我忽然想起古人的诗句,想起那些在寒夜孤灯下,也曾将目光与心绪寄托于这冰雪中一萼芳魂的诗人。“梅须逊雪三分白,雪却输梅一段香。”这比较里,有惺惺相惜的意味。雪成就了梅的清洁背景与严峻考验,梅则回报以色彩与芬芳,点破了雪的单调与寂寥。它们并非对手,而是这冬日舞台上最相得益彰的伴侣,一静一动,一白一彩,一肃杀一生机,共同谱写着宇宙间阴极而阳生的至理。又想到“已是悬崖百丈冰,犹有花枝俏”,那是何等的险绝,又是何等的俏丽!眼前的腊梅,虽无悬崖的险峻背景,但她那份于寻常院落中“凌寒独自开”的孤俏,那份在普遍瑟缩中“一树独先天下春”的先觉,其精神内核,与冰崖之上的俏枝并无二致。她开在万物凋敝之时,仿佛不是为了争春,而只是为了履行一个关于生命的、庄严的承诺。她的香气,清冷地飘散,是对寒冬最优雅的回应,也是写给尚在沉睡的春天的一封无声的、充满信笺的短信。

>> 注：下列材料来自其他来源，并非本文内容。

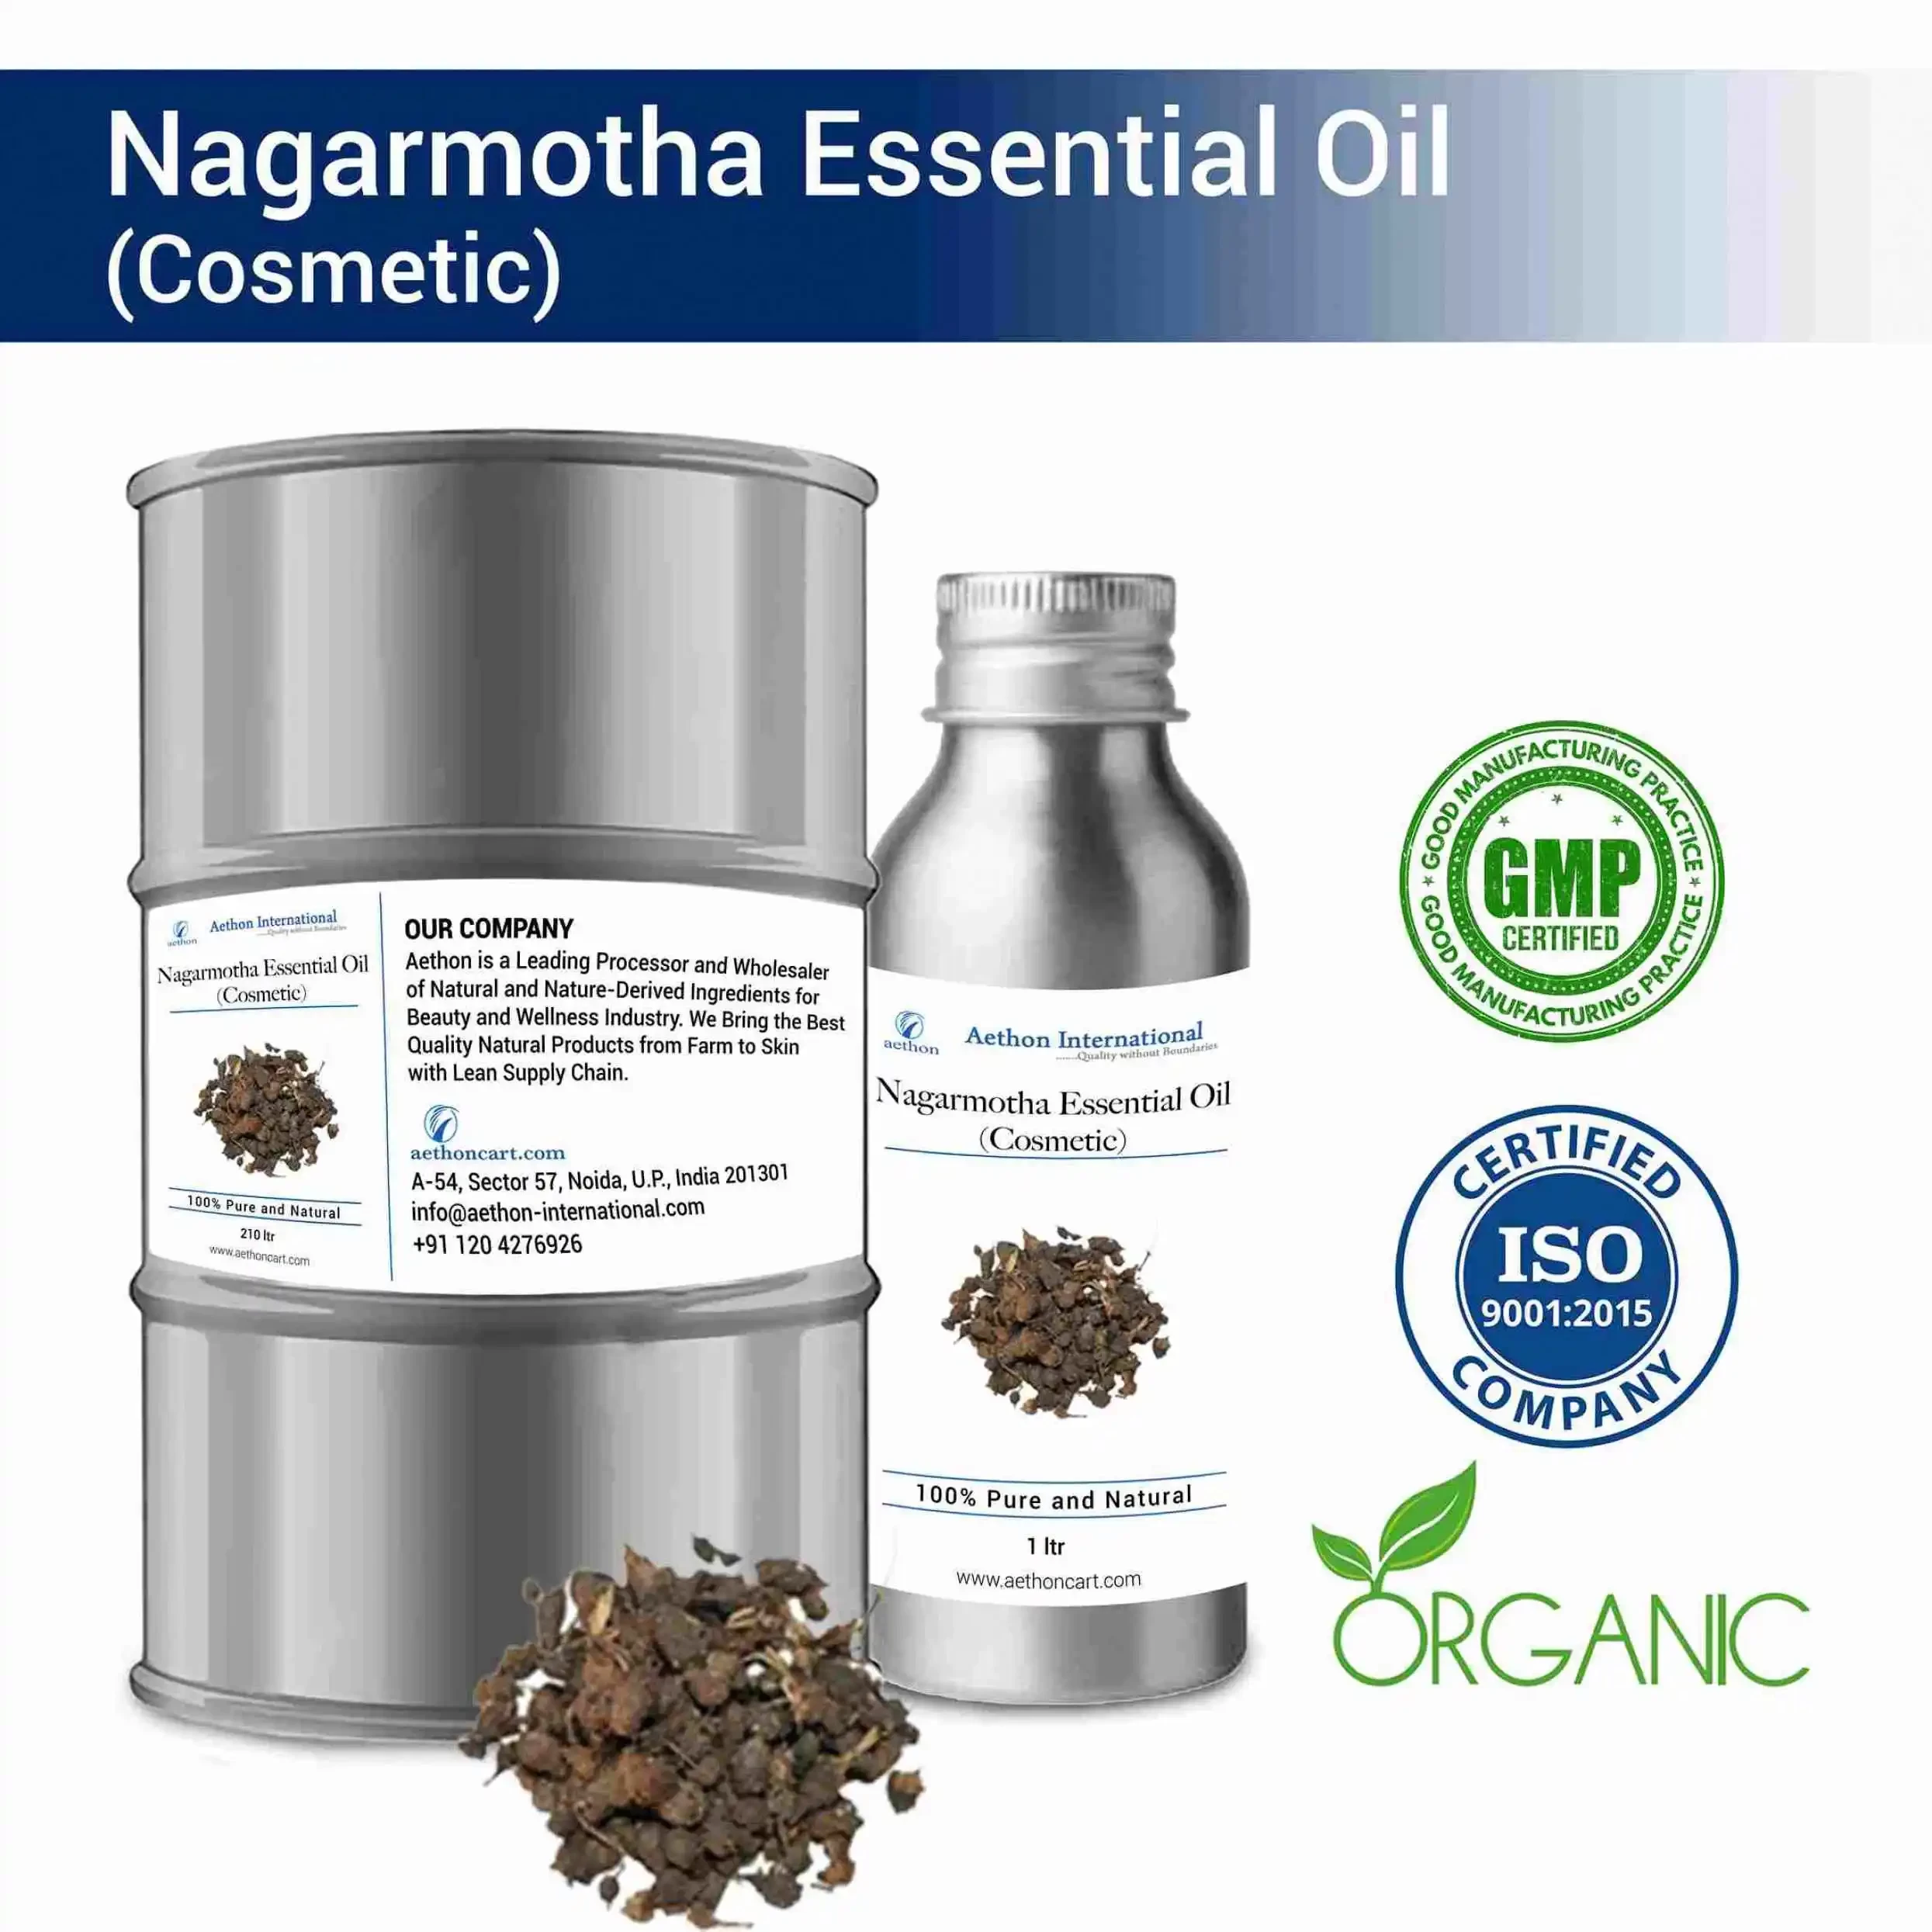 Nagarmotha Essential Oil (Cosmetic)

不知伫立了多久,肩头已覆了一层薄薄的雪。身体是冷的,指尖有些发僵,但心里却仿佛被那幽幽的冷香、被那傲然的身姿,注入了一股温润而坚韧的力量。这力量不炽热,却持久;不喧腾,却踏实。它让人敢于正视生活中的寒意与艰难,相信在似乎无路可走的绝境处,或许正有“数点红光”在孕育;在沉寂孤独的时光里,更要修炼自己“香飘悠远”的定力与芬芳。腊梅的存在,仿佛一个无声的启示:真正的美与力量,往往诞生于对抗与承受之中,诞生于将外部的严酷转化为内在光芒的过程里。告别梅树,转身踏入更深的雪径。身后的香气,似乎依旧隐隐约约地跟随着。回望处,那几点红,在暮色四合、雪光微泛的庭院里,愈发像温暖而坚定的眼睛,注视着,也祝福着每一个敢于在冬日里前行的人。冬日处处寒,是的,这寒,是实实在在的,浸透衣裳,砭人肌骨。然而,腊梅树树香,这香,亦是真真切切的,透人心脾,启迪魂灵。寒与香,在这岁末的时空里,完成了一场深邃的对话。而我有幸,做了片刻那虔诚的、心怀感激的听者。